Universal Music Group Ramps Up DRM-Free Testing

Universal Music Group, which has the largest market share of all the major labels at an estimated 26% of the global market, unveiled a plan to test the sales of digital music without digital rights management (DRM) on a massive scale.

From now until January, UMG will begin selling "thousands" of albums and individual tracks without DRM via such digital outlets as Rhapsody, the Rhapsody-powered Best Buy store, Wal-Mart, PureTracks, and Transworld, as well as the Amazon.com service once it goes live.

The test will also include sales conducted from all participating artist and label-branded websites. Additionally, UMG will use Google’s AdWords search-based advertising program to drive digital music purchases through a social commerce site called gBox.

Noticeably missing from the test is Apple’s iTunes.

In most cases, the DRM-free tracks will sell for the same cost as their protected counterparts, although in a variety of file sizes depending on the retailer.

UMG says the test is designed to measure various factors such as consumer demand, price sensitivity and piracy effects of selling unprotected files versus those locked by DRM.

One of the most challenging aspects of selling music in digital form is the matter of interoperability. The iPod is the dominant digital music device in the market today, but only music purchased on iTunes is compatible with it.
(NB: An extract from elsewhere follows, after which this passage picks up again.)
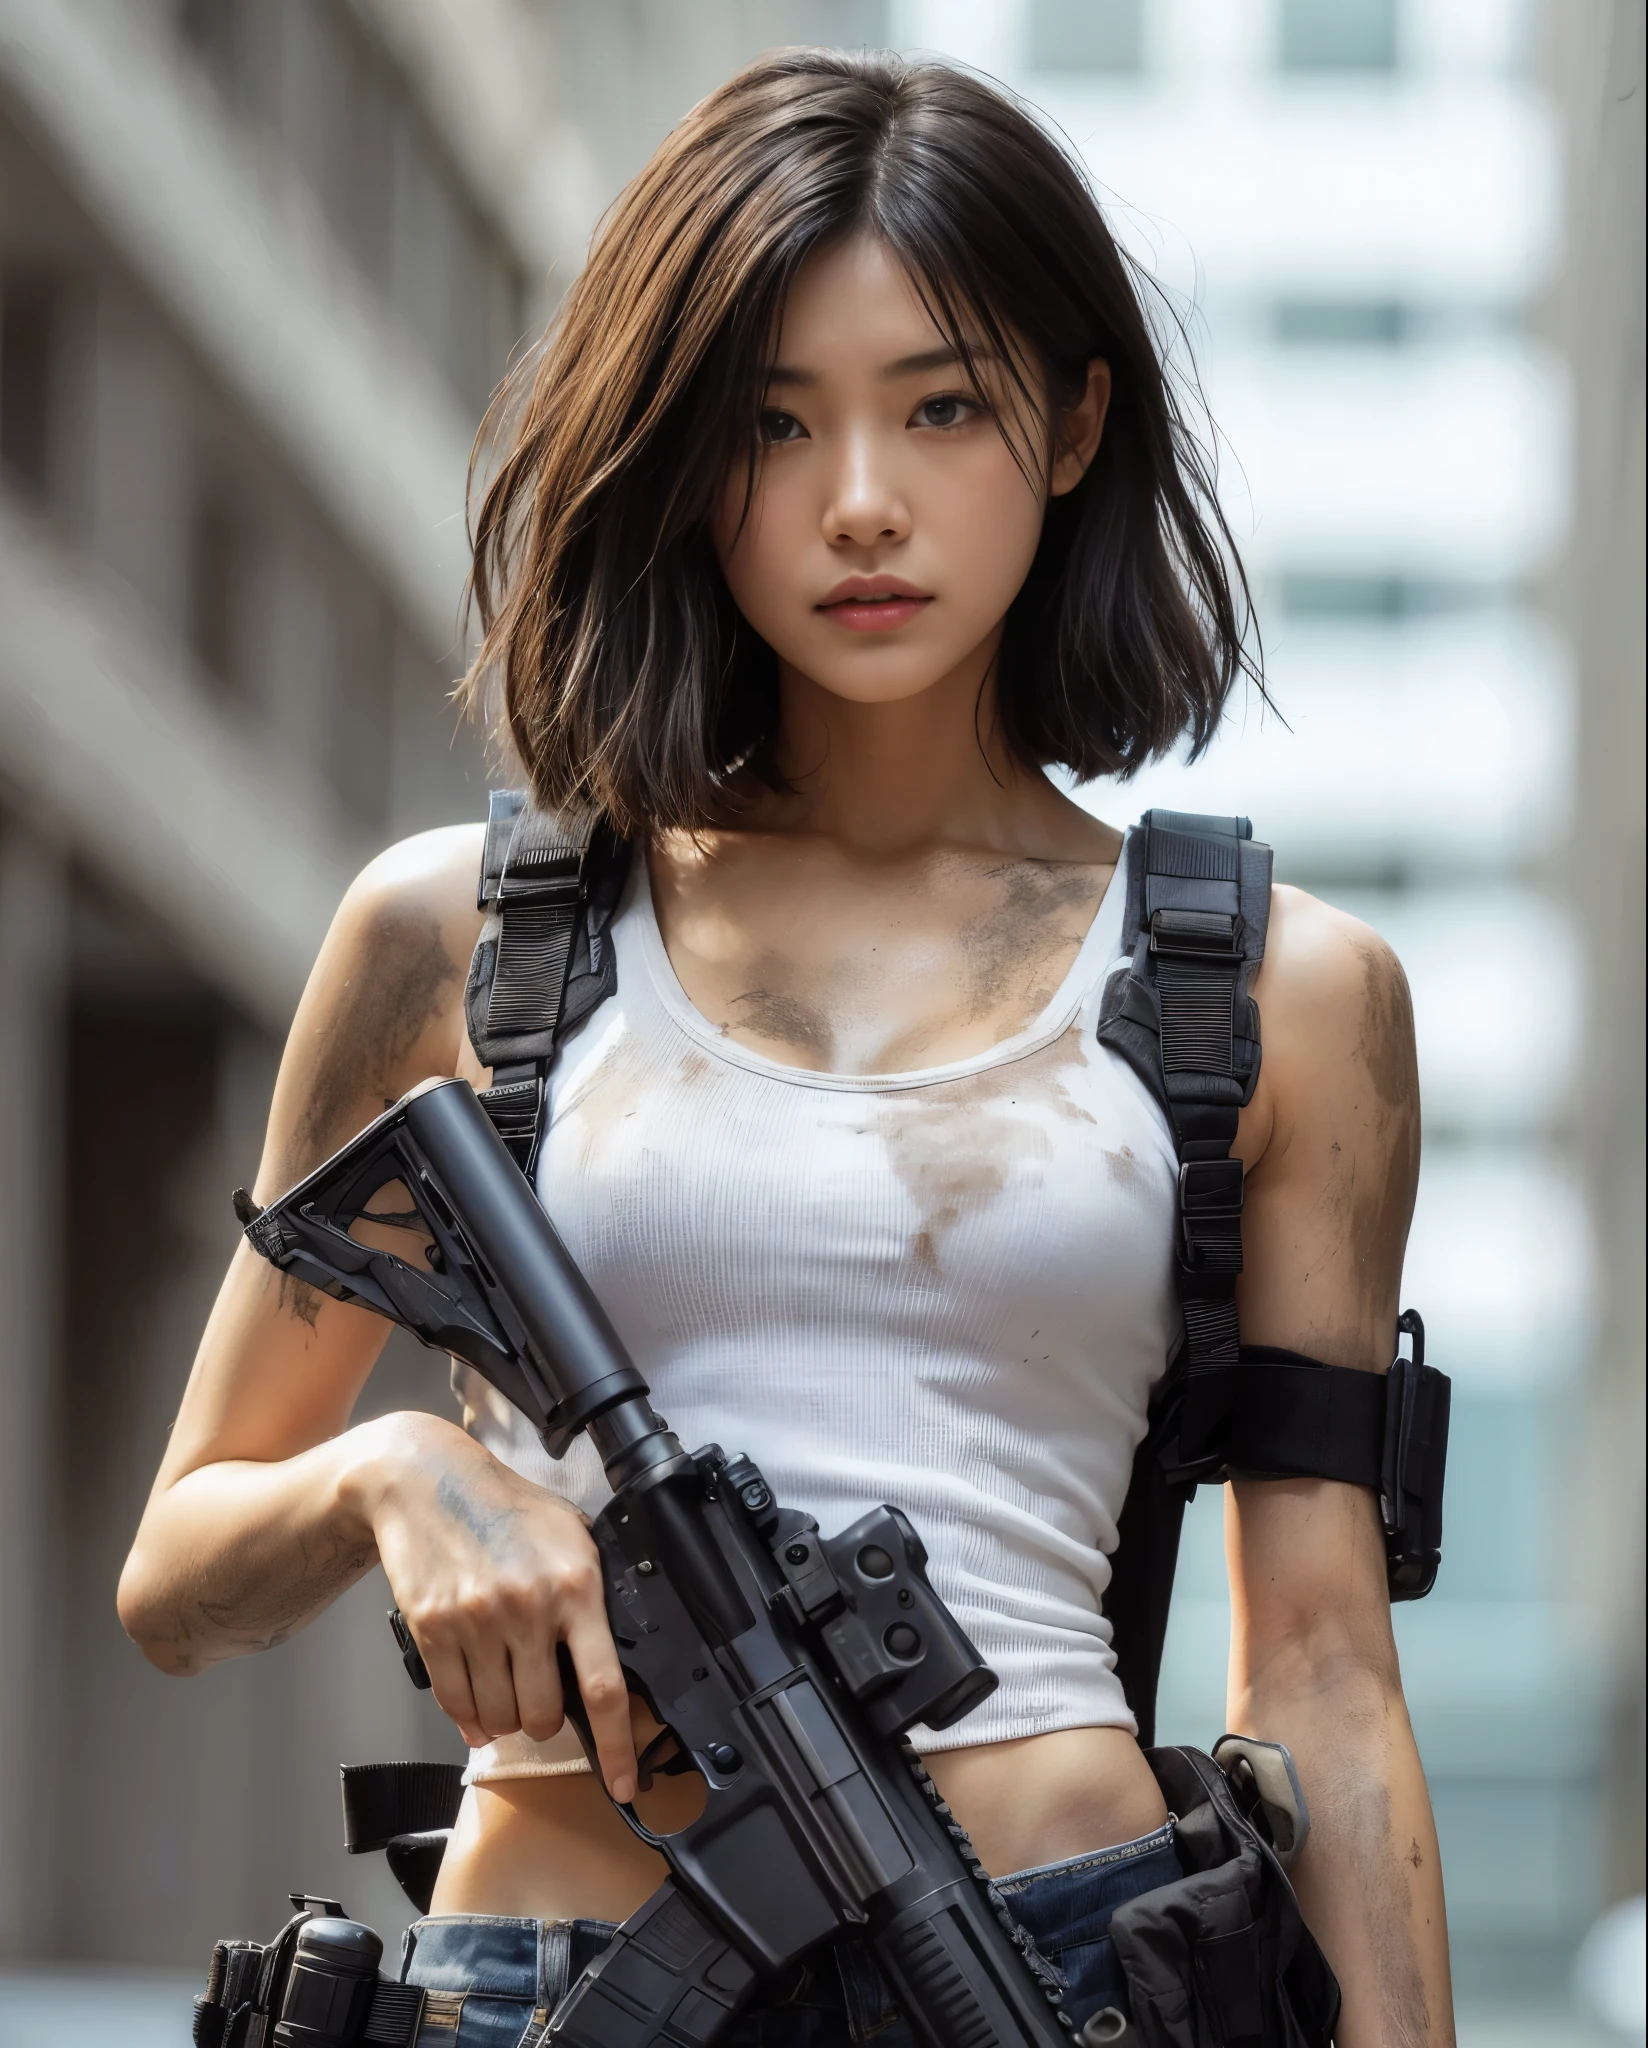 (최고의 품질,8K,현실적인 사진:1.2),현실적인 피부 질감,미국에 사는 일본인 여성,아름다운,거리에서 사격 자세로 걷기,더러운 shirt,청바지,운동화,방탄 조끼,자동 소총,짧은 이발,도시전,사건에 휘말려,반격 시작,더러운,움직이는 액션 포즈,드라마틱하고 대담한 구성,상체,근육질의,축소

Tracks purchased via competing services can’t be played on the iPod, and as such those services—and the digital download market in general—has suffered.

EMI Music Group was the first to embrace DRM-free digital sales, eliminating the restriction from its entire catalog. Starting with iTunes, EMI spent the summer rapidly striking deals with various digital outlets to sell DRM-free tracks, at a higher bit-rate, for 30 cents more per track than lower-quality DRM-protected files.
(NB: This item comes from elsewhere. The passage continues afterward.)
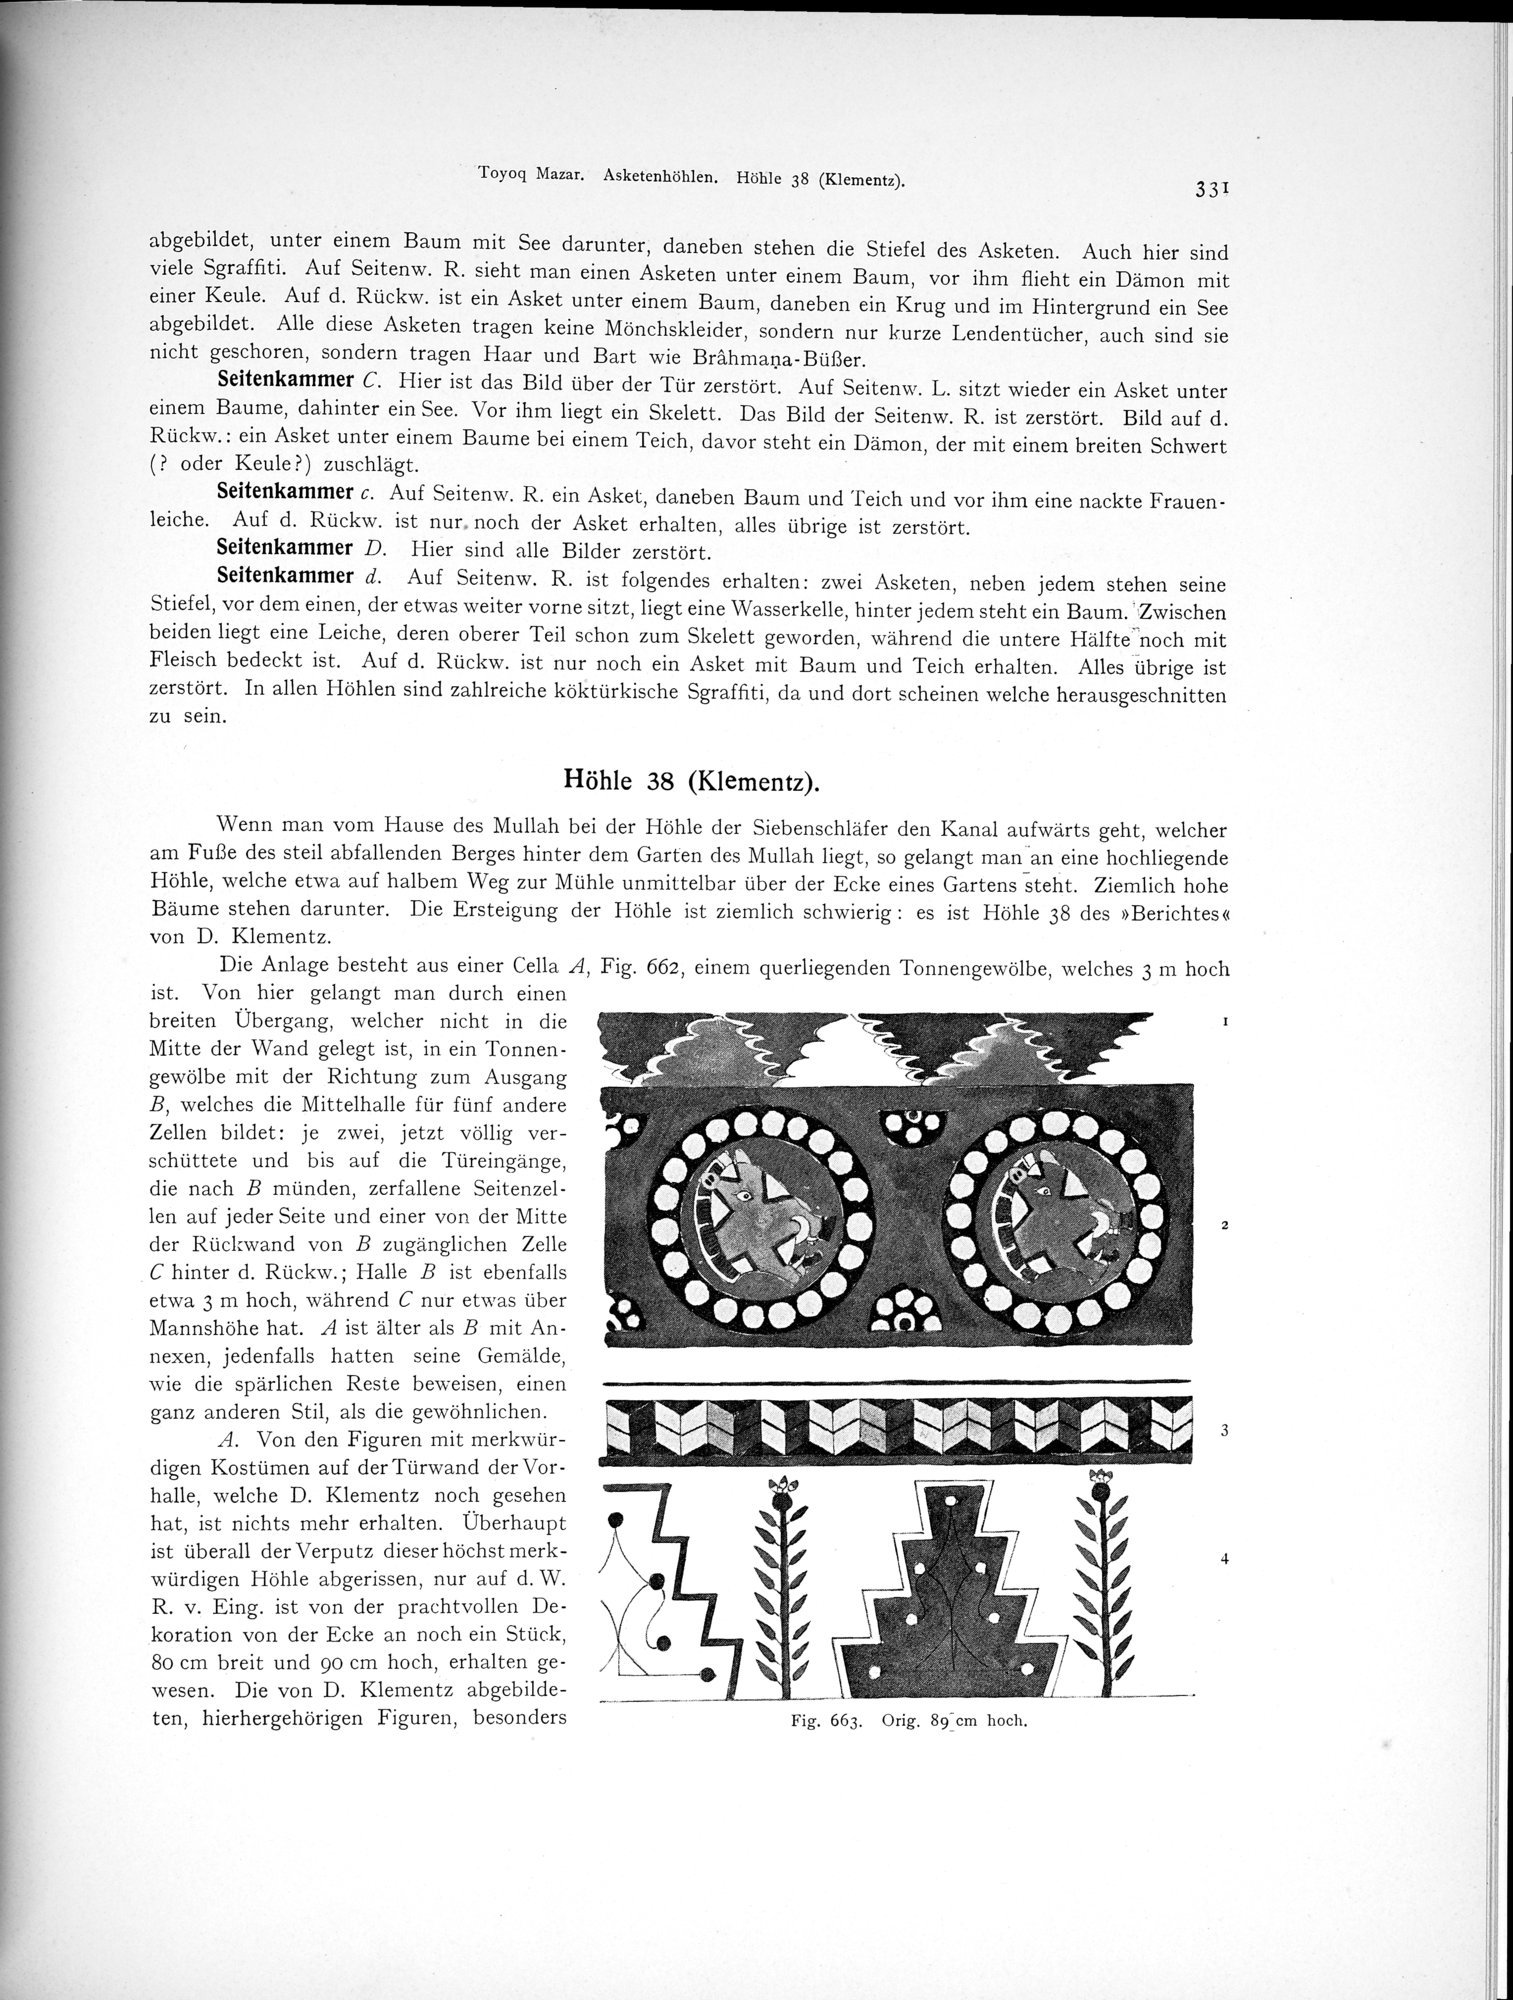 Altbuddhistische Kultstätten in Chinesisch-Turkistan : vol.1 / Page 337 (Grayscale High Resolution Image)

While not exactly jumping on the anti-DRM bandwagon, UMG’s test shows the label is at least running closely behind it.

"Universal Music Group is committed to exploring new ways to expand the availability of our artists' music online, while offering consumers the most choice in how and where they purchase and enjoy our music," said UMG chairman and CEO Doug Morris in a statement announcing the move.

"This test, which is a continuation of a series of tests that UMG began conducting earlier in the year, will provide valuable insights into the implications of selling our music in an open format."

While UMG may have dabbled with DRM-free tracks in the past, this test represents a major escalation. Instead of dipping its toes in the DRM-free waters with relatively obscure or emerging acts, UMG is committing some of its biggest sellers and front-line releases to the effort.

This includes such acts as Fall Out Boy, Amy Winehouse, 50-Cent, Black Eyed Peas, Daddy Yankee and Common, whose new release “Finding Forever” currently reigns as the No. 1 album in the country this week.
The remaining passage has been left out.